Now, I've put a larger power supply on the DCS100 and use the internal booster to run the HO layout and the external NCE booster to run the large scale layout. With the two boosters, I can set their output voltage separately to the optimum value for each layout. Both layouts can run quite nicely at the same time because I don't have decoder address overlap between the two layouts. The DCS100 (Chief) can run up to 120 locos at one time before it runs out of memory, the Zephyr can only run 10 locos at once. I can also run the test track in the garage from either booster via a DPDT switch.


----------



## Greg Elmassian (Jan 3, 2008)

I likewise use the 10 Amp NCE booster, and I also run their radio throttles. A couple of years ago, NCE made significant range improvements on their wireless throttles, and I'm very happy with the system, and I prefer the procab button and menu layout, easier, faster, and there's nothing they cannot do in terms of commands to a dcc system, they support all 28 functions. 

Regards, Greg


----------



## George Schreyer (Jan 16, 2009)

I used the NCE cabs at Greg's house and years ago at other layouts. Besides being unfamiliar, they seem to work fine. I am, by now, very familiar with the DT400 throttle and I find it very easy to use although the learning curve might be a little steeper. One feature that the DT400 has that the NCE cabs do not is the ability to run two trains from the same throttle at the same time. 

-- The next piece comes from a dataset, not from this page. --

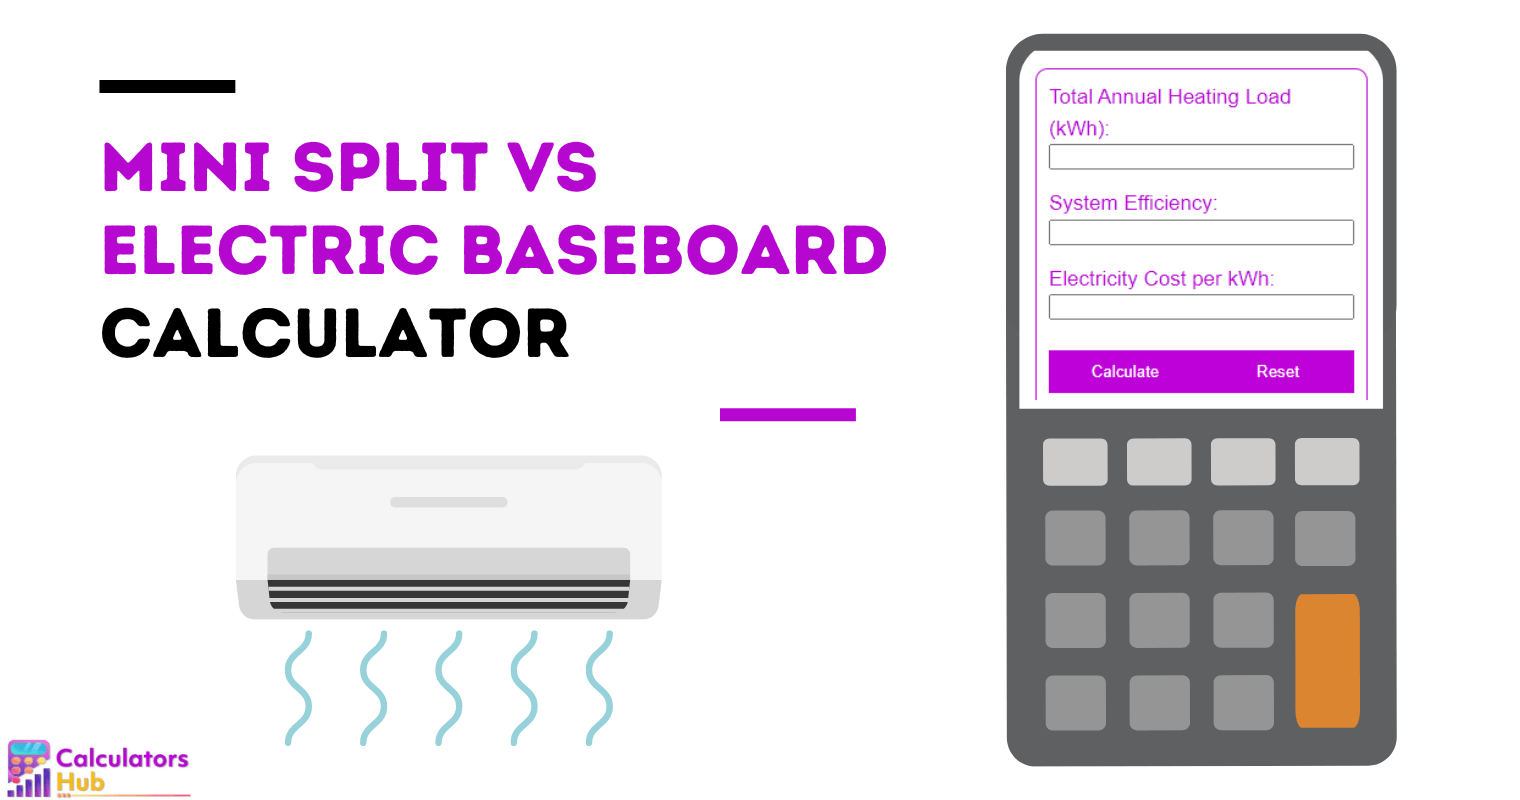 Mini Split vs Electric Baseboard Calculator
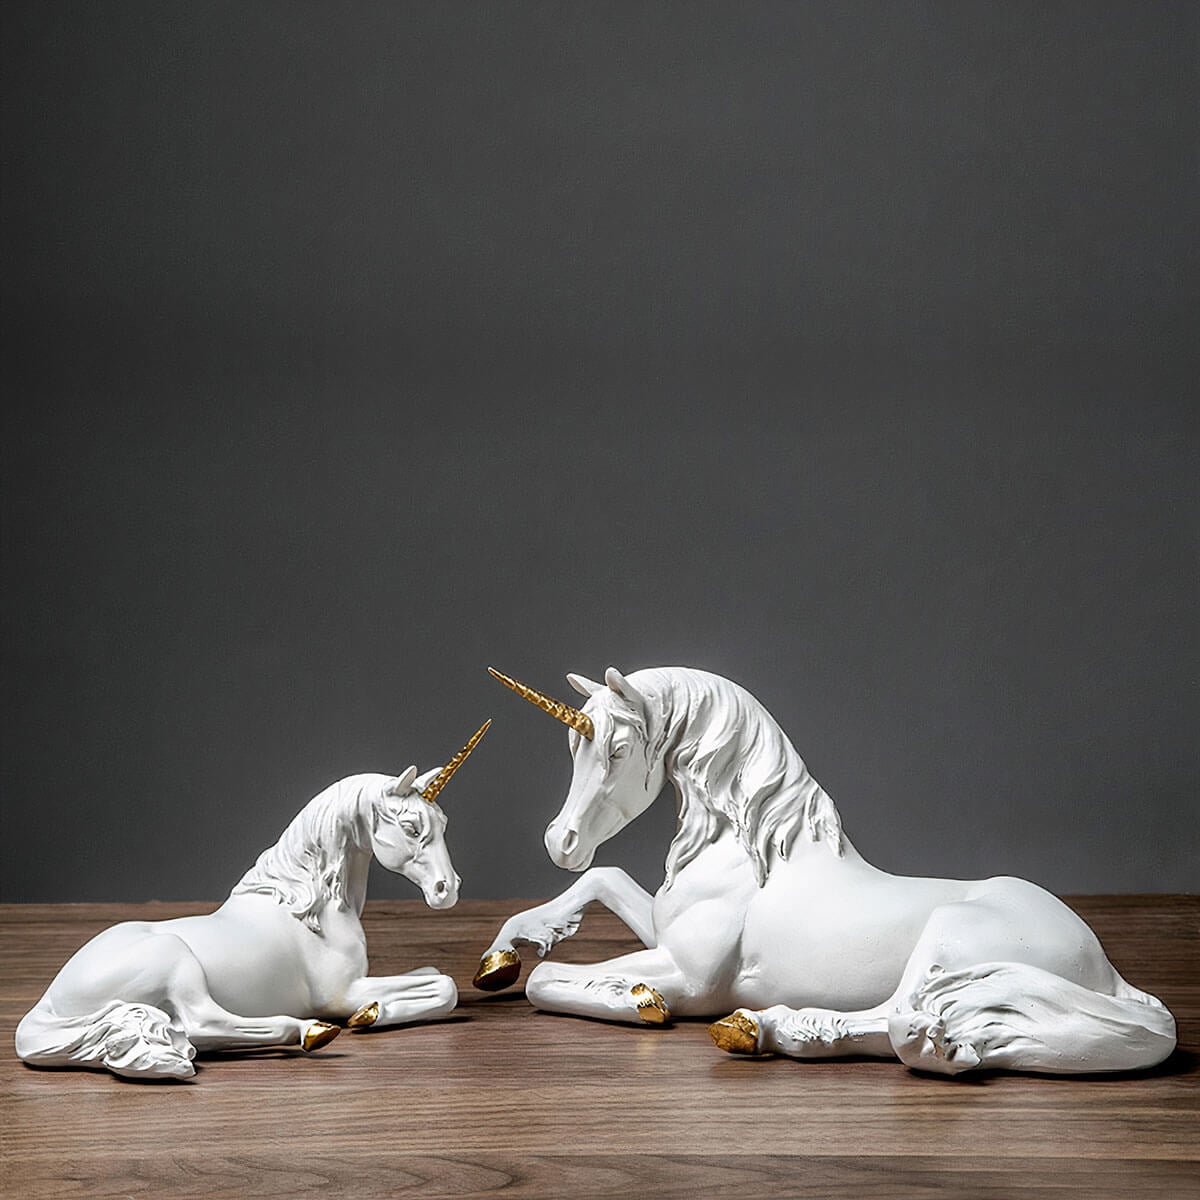 Unicorn Resin White Horse Statue Animal Modern Figurines

I also use a UT4 radio throttle and for just driving trains I like it a lot. Not many buttons and a REALLY BIG knob. It feels like one of the better MRC power packs. Simple toggle switch for reversing.


----------



## Greg Elmassian (Jan 3, 2008)

I might try to clarify what George stated about "two trains from the same throttle". 

That Digitrax throttle has 2 knobs, making this very easy. Most DCC throttles will run multiple trains at once, but of course they only have one "knob" I can quickly switch between up to 9 locos, but only have one "knob" to actively control one train at a time. 

Regards, Greg


----------